### [Study material]
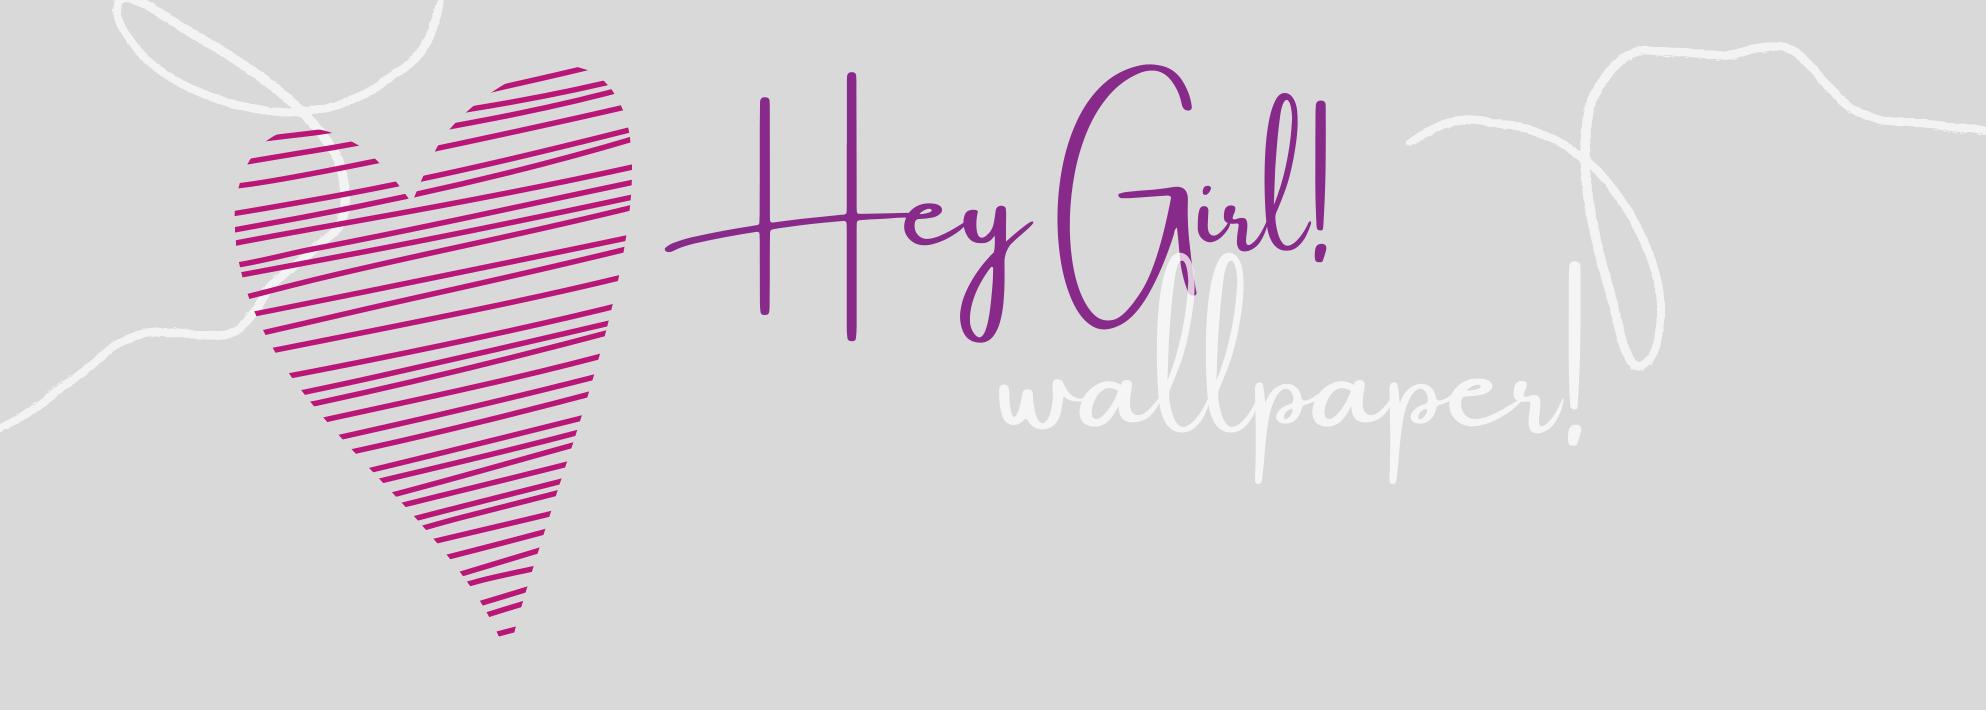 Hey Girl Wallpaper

* * *

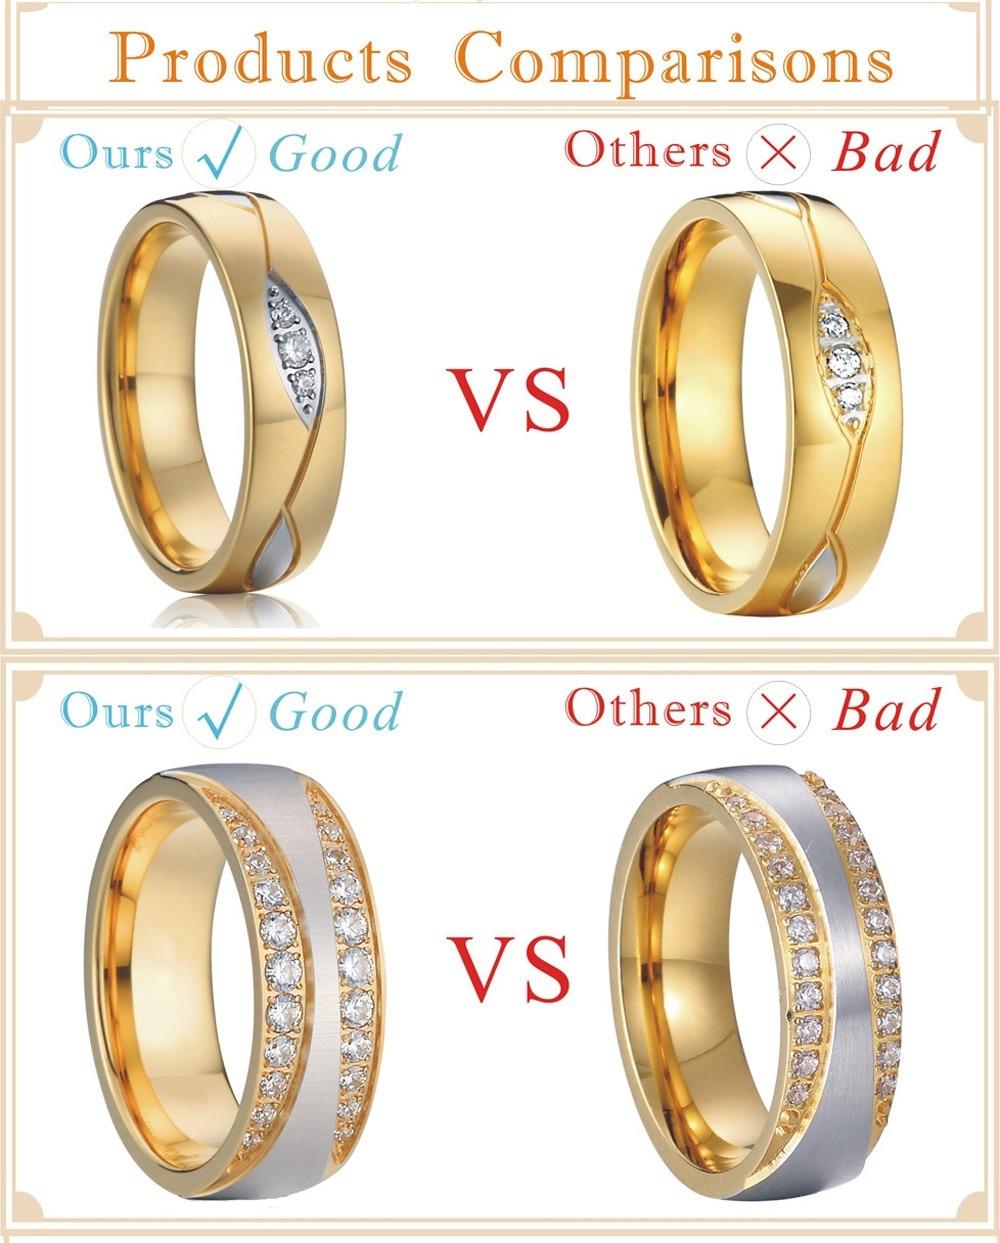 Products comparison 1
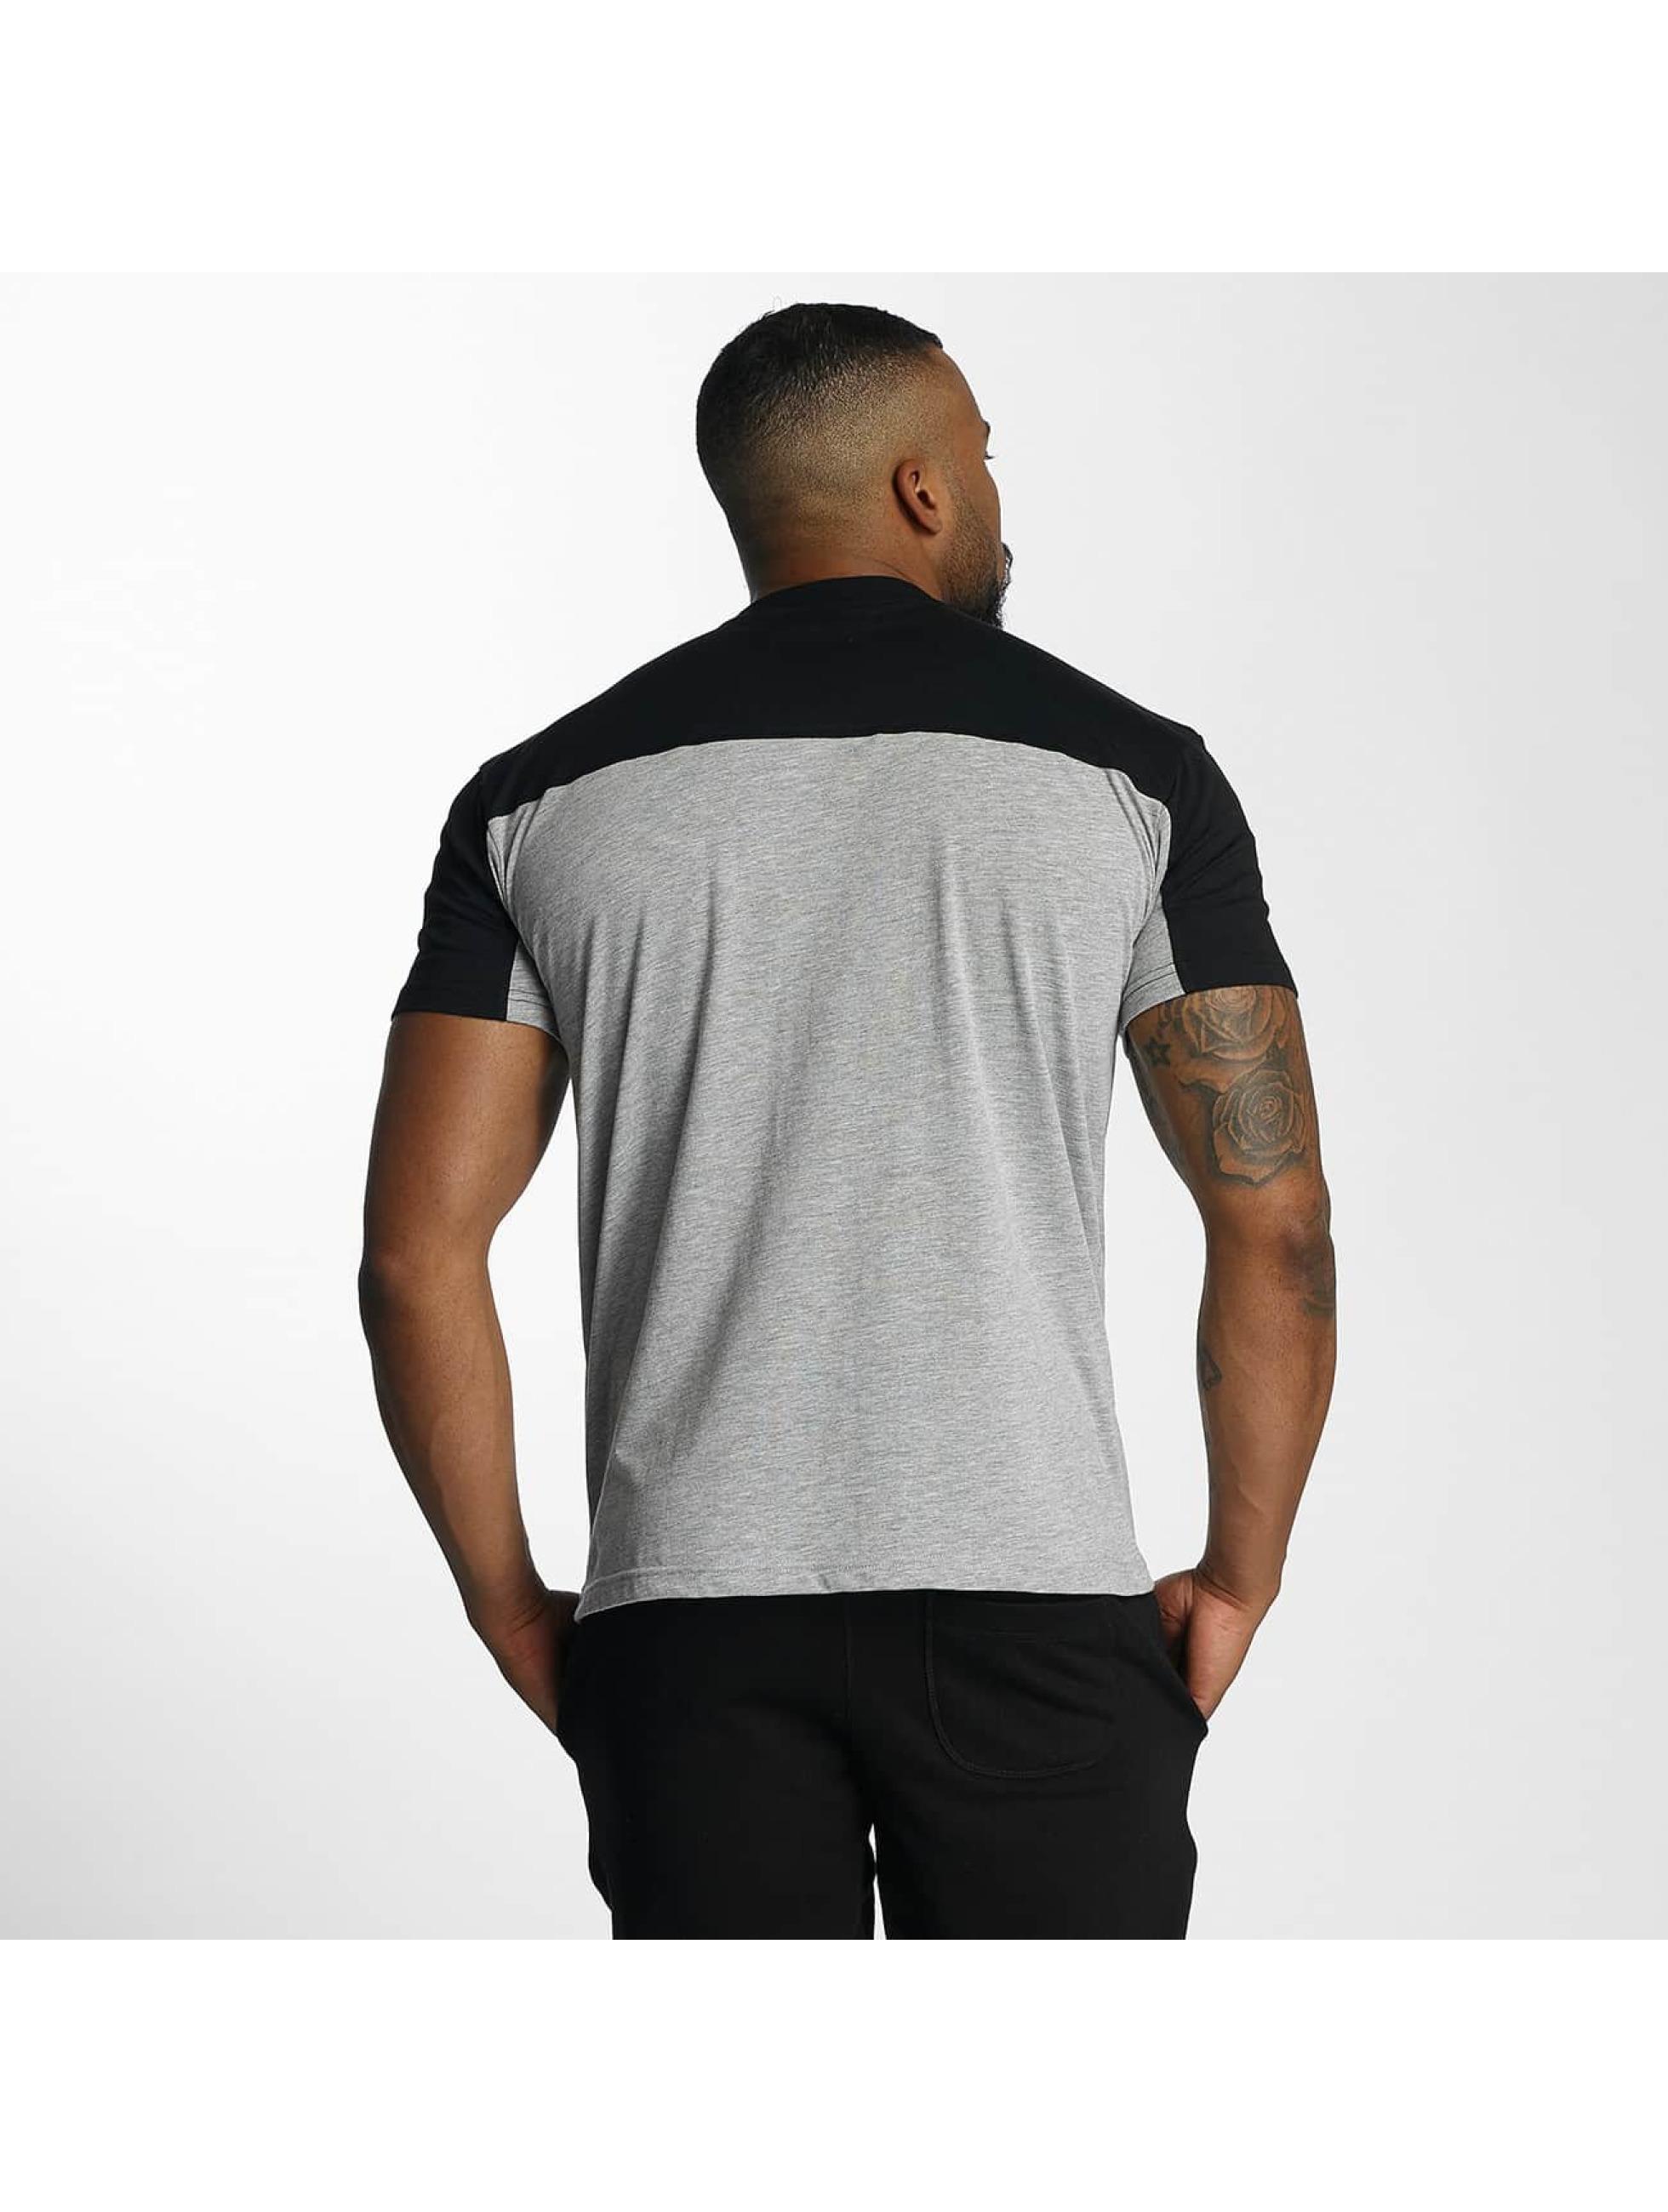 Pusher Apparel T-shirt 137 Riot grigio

...

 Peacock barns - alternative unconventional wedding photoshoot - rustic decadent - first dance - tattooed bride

### [What the exercise asks]
Within the material above, find the part that opens with the line containing "Products comparison 1" and closes with the line containing "Pusher Apparel T-shirt 137 Riot grigio", and reproduce it exactly without the pictures.

### [Exercise result]
 Products comparison 1
 Pusher Apparel T-shirt 137 Riot grigio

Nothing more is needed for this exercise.